A methodology was developed to model and successfully history match the primary and waterflood phases in a 15 well, 100 acre vuggy portion of a carbonate field in west Texas. This method is based on a derived log trace of secondary porosity calculated by subtracting sonic porosity (matrix only) from a core calibrated total porosity transformed from Density and Neutron-logs. Log signatures of vugular intervals were developed by recognizing significant differences in matrix and total porosity. A detailed geostatistical distribution of total porosity was first generated and permeability was assigned using a cloud transform of core data from nearby wells. Two geostatistical distributions of secondary porosity with different correlation lengths were then generated using the developed secondary porosity trace. Vugular zones were assumed to have a secondary porosity of 8% or greater. These models were superimposed on the permeability cube by assigning exceptional high permeability values to the vuggy zones.

Using a general scale up method, the detailed permeability cubes were scaled-up for simulation studies.

The models incorporating vuggy permeability distributions showed a far superior history match of primary and waterflood performance than those without vuggy permeability distributions. Good history match was also obtained on individual well basis. Sensitivity of the match to vuggy zone permeability and correlation length was analyzed. Results from these simulation runs provides insight into the spatial distribution and permeabilities of the vuggy zones.

Introduction

Dissolution is one of the major diagenetic processes adding porosity in carbonate reservoirs. Vugs in carbonate reservoirs are the result of carbonate dissolution, evaporite (gypsum or anhydrite) dissolution, or some combination of both. Routine core measurements for porosity and permeability are problematic for characterizing vuggy zones in these reservoirs because (1) plug type samples are generally chosen from intact core and therefore generally away from vuggy zones, and (2) whole core samples are not often sampled systematically with vuggy zones in mind. When building models, the distribution of porosity is usually obtained from log data. This data is considered fairly accurate. However, permeability distributions will be skewed to the low end because the porosity to permeability transform developed from core plug measurements does not honor reservoir-scale vuggy-interval permeabilities.

Flow in high conductivity vuggy intervals is the dominating factor affecting the overall displacement efficiency in any secondary recovery process of a vugular carbonate reservoir. Honoring the permeability and distribution of secondary porosity features in reservoir characterization is crucial for a successful prediction of recovery for this type of reservoir.

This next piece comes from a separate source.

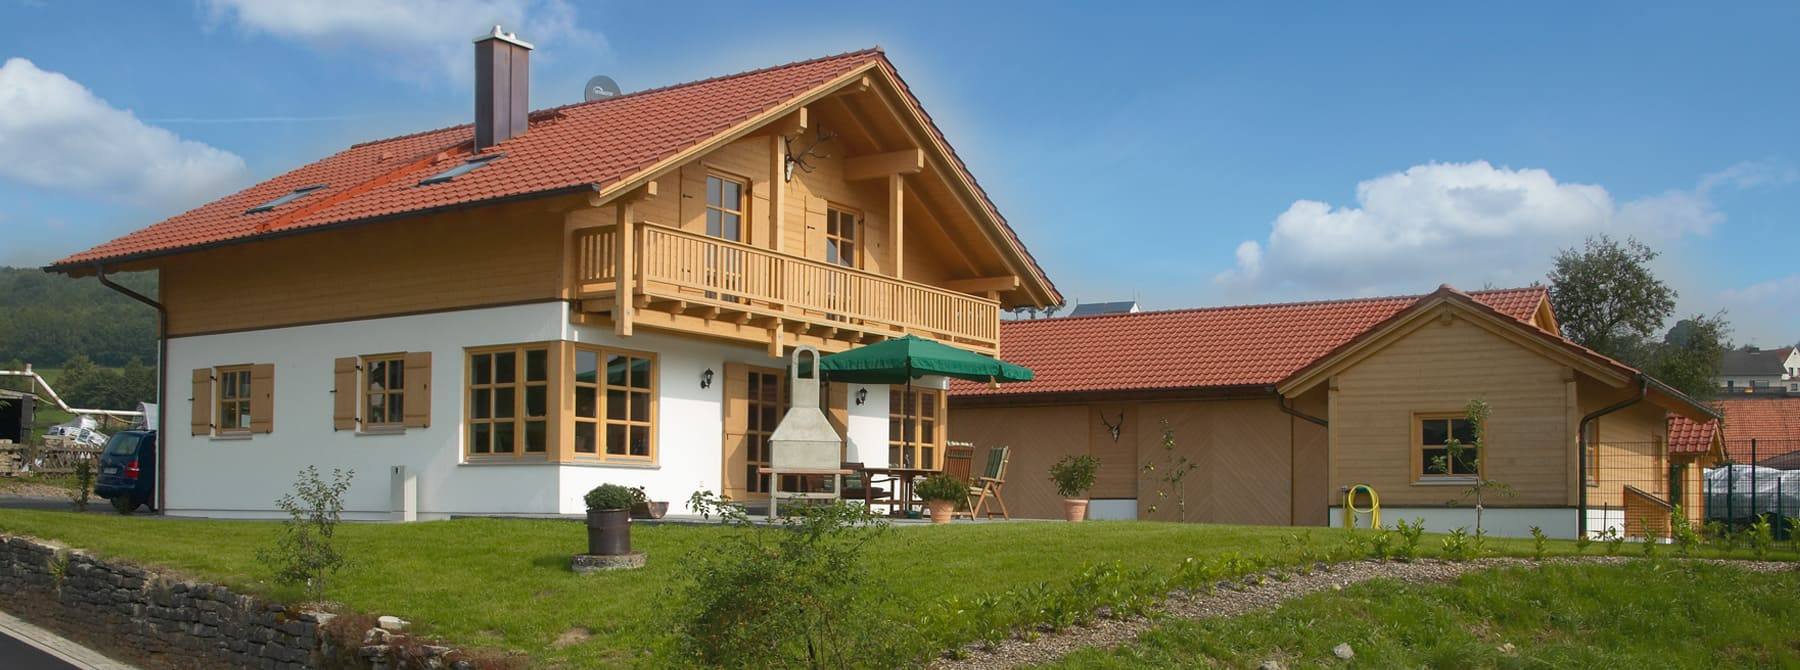 Kundenhaus gutshof ein landhaus von for Holzhaus modern bauen

The objective of this study was to develop a methodology for reservoir characterization and modeling of a waterflood in a vugular carbonate reservoir setting. The reservoir selected for this study was the McElroy Field; one of the Permian basin carbonate reservoirs with a complex diagenetic overprint and a long history of waterflood.

Field History and Geology

The McElroy Field, which is one of the larger fields in the U. S. Permian Basin, is part of a major productive trend lying along the eastern edge of the Central Basin Platform (Figure 1).1,2 The field was discovered in 1926 during the initial exploration along the Central Basin Platform and is located in Crane and Upton Counties, Texas. The reservoir is a stratigraphic-structural trap with oil production coming primarily from heterogeneous dolomites of the Grayburg Formation. The Chevron-operated portion of the McElroy field, encompassing about 22,400 acres, has a cumulative production of 380 million barrels of oil (MMBO), of an estimated 2.2 billion barrels of oil (BBO) in place. It currently produces approximately 17,000 barrels of oil per day (BOPD) from a mature waterflood. Development started in what is now the central portion of the field, called the Low Pressure Area (LPA)(Figure 1). Field expansion and subsequent development started in 1930 and proceeded in several stages. Waterflood pilots began in 1947, but field-wide waterflood development was delayed until the early 1960s.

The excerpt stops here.